Услышав эти слова горбатый схватился за гриву жеребчика; конь взвился на дыбы и пустился вперед как стрела.
— Ну, я не поручусь за его кости, — заметил Донат и продолжал свой путь легким галопом.
Опередив интенданта рокверского замка на несколько лье и не будучи видим им, горбатый крестьянин очень ловко остановил свою лошадь. Не сходя с коня, он сбросил черный парик, вытащил из-под кафтана плащ, заменявший ему горб, выпрямился, накрылся плащом и, преображенный, подобный демону, летящему на гипогрифе, поскакал с одуряющей быстротой по дороге к Клермону.
В городе он надвинул шляпу на лоб и еще плотнее закутался в складки плаща. На площади перед дворцом губернатора дежурный офицер ответил на его вопрос, где живет доктор Лагульф.
— Его нет в городе. Он уехал в Орадокс.
Это была дача Лагульфа и лежала между Клермоном и Менжераном. Через четверть часа неутомимый скакун принес его в Орадокс, и он явился к доктору, высокому угрюмому мужчине, одетому во все черное, согласно докторской моде той эпохи.
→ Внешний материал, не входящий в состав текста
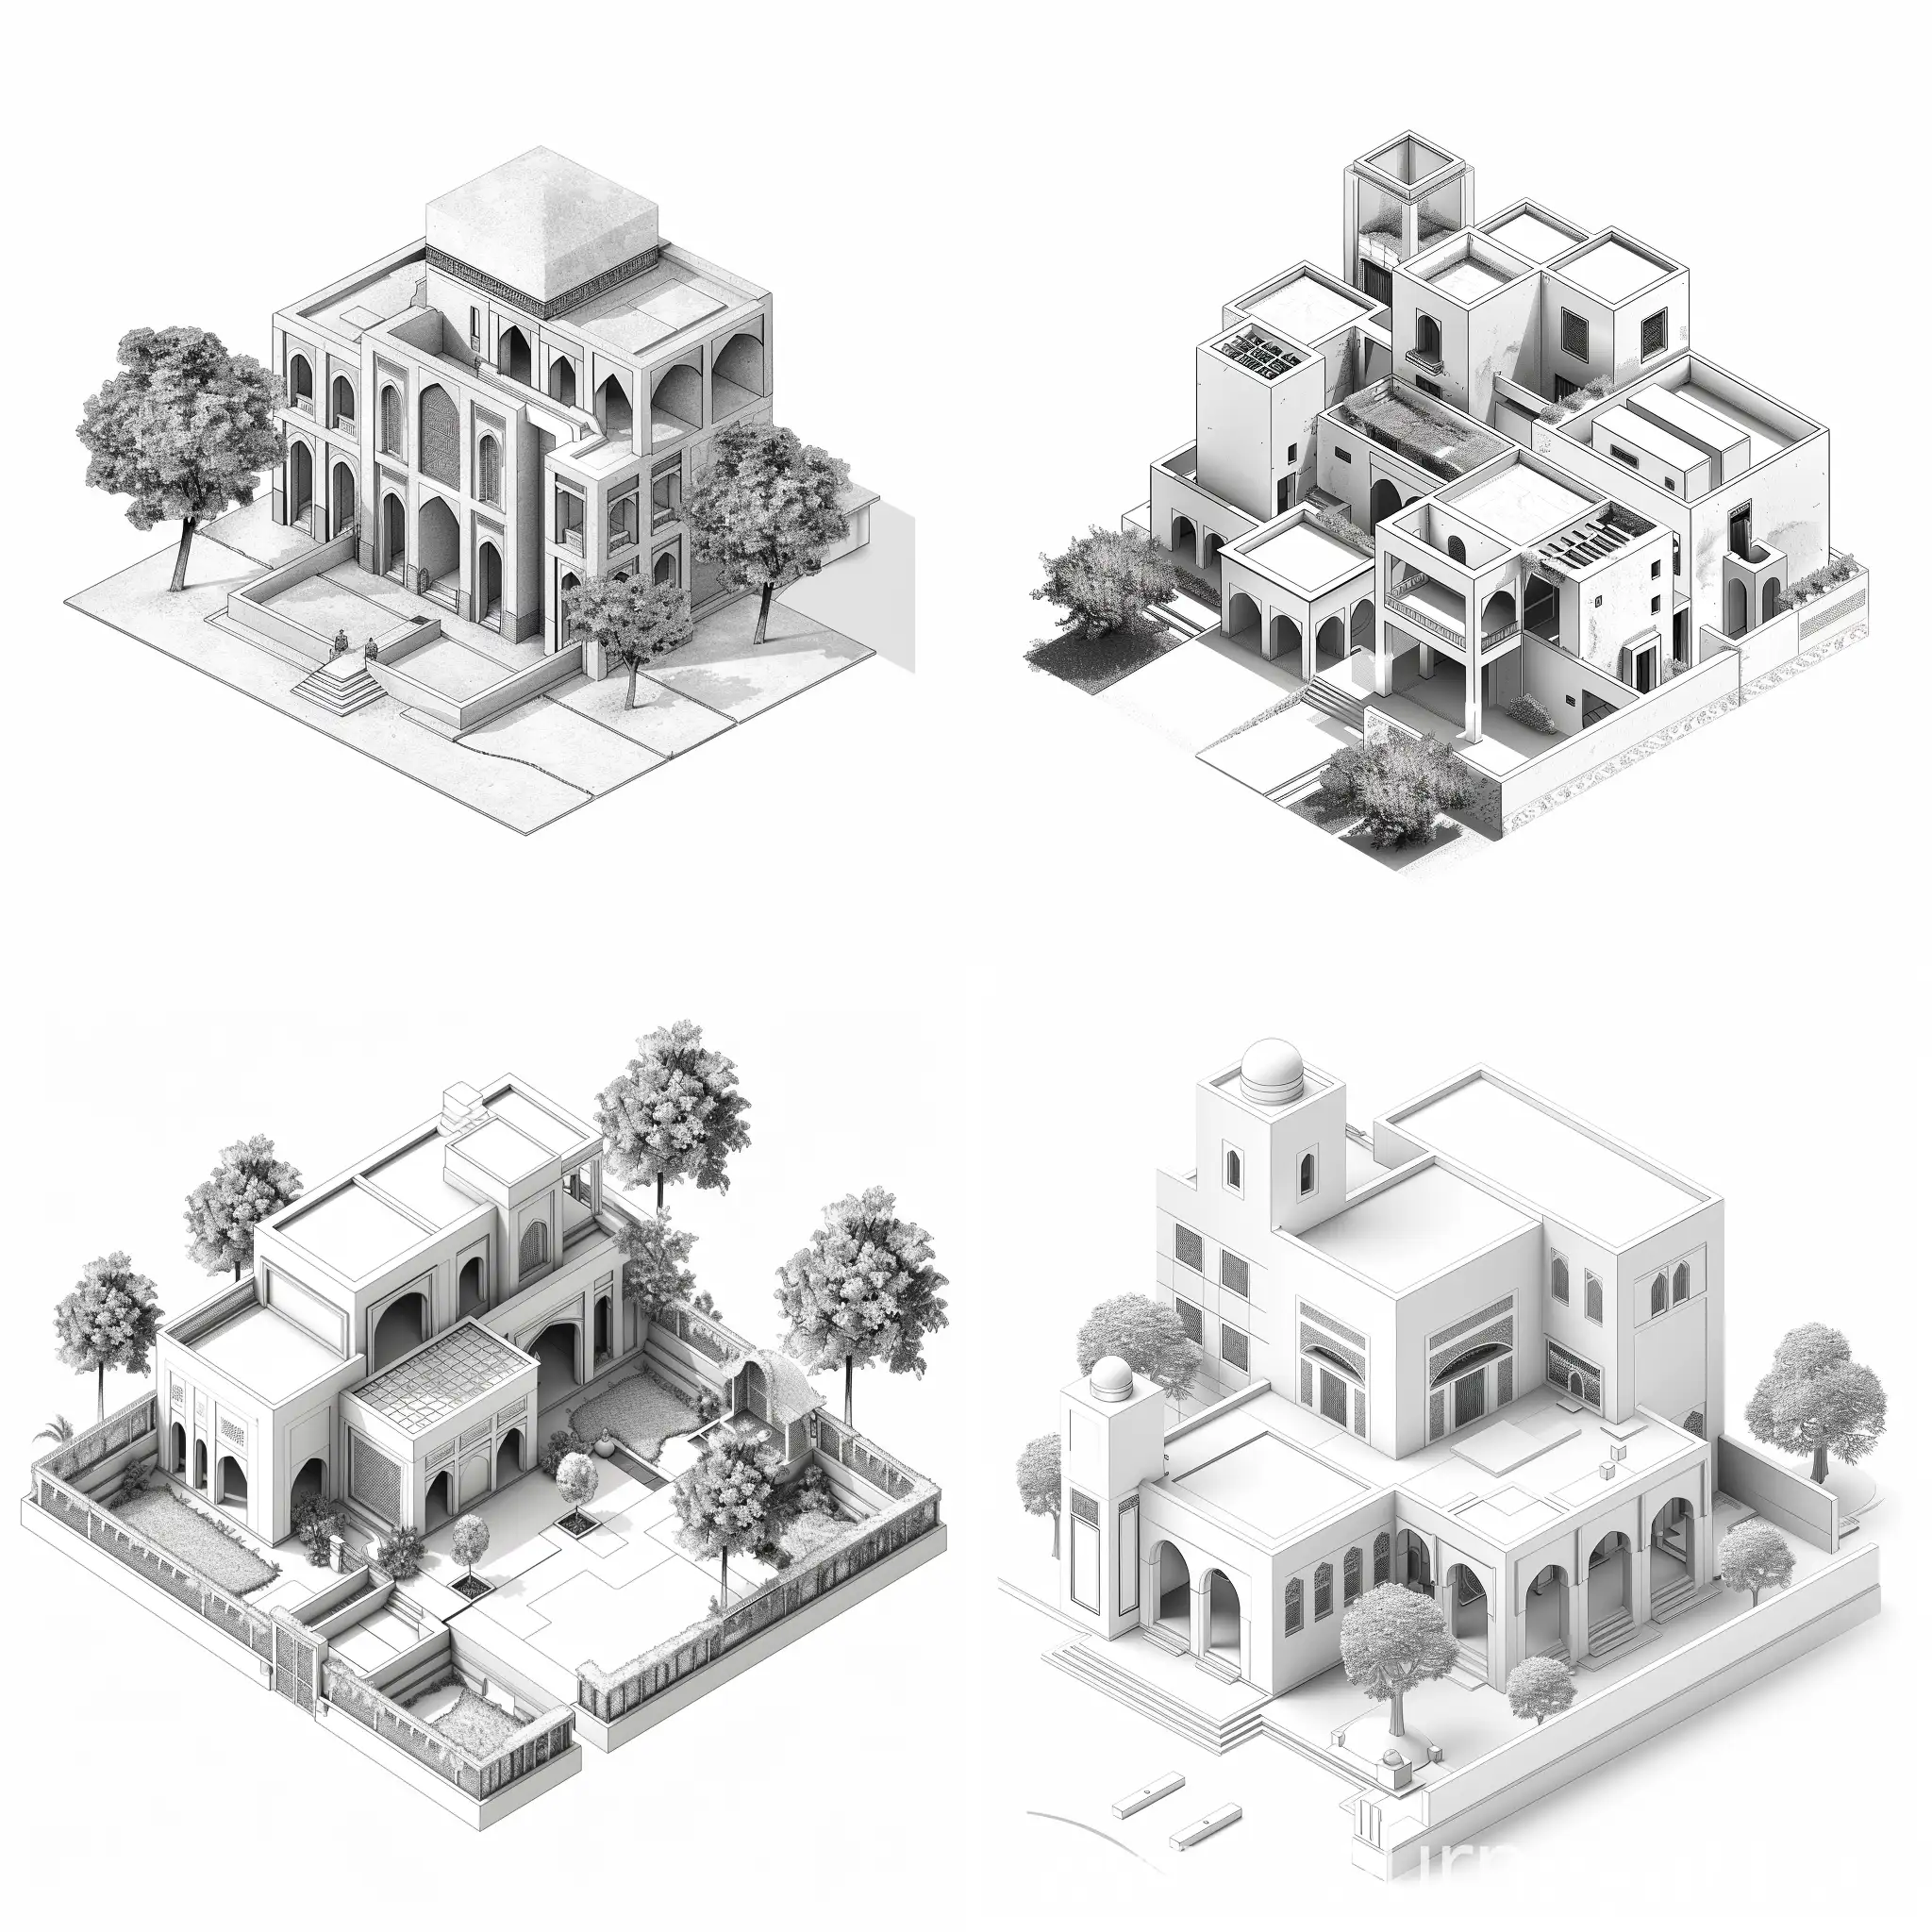 Meeting the future of residential architecture with regard to historical architecture ، Persian architecture ، 2d illustration ، isometric ، poster design ، monochrome ، graphic rendering T white background

— Что вам от меня угодно? — спросил Лагульф.
— Я должен доверить вам тайну. Могу я это сделать?
— Мы, доктора, то же, что исповедники. Говорите, ничего не опасаясь.
— Очень рад, я рассчитываю на это. Но прежде чем выскажу вам мою тайну, получите от меня сто пистолей.
Лагульф отодвинул руку искусителя.
— Я живу с доходов моего ремесла, но прежде чем решусь взять плату за мою работу, мне нужно знать, какая это будет работа?
— Ничего не имею против такого правила. Знаете ли вы графа Каспара д'Эспиншаля и сеньора де Селанса?
— Один раз видел их у князя де Булльона.
— В таком случае скажу вам, эти господа должны сегодня встретиться у моста через Алагону.
— Начинаю понимать, в чем дело. Дуэли строго воспрещены, и мне придется секретно выполнить мою обязанность.
— Мое поручение, — прибавил искуситель доктора Лагульфа, — состоит в том, чтобы пригласить вас сегодня же в замок Мессиак. Там вы спросите Мальсена, интенданта, и покажете ему этот перстень.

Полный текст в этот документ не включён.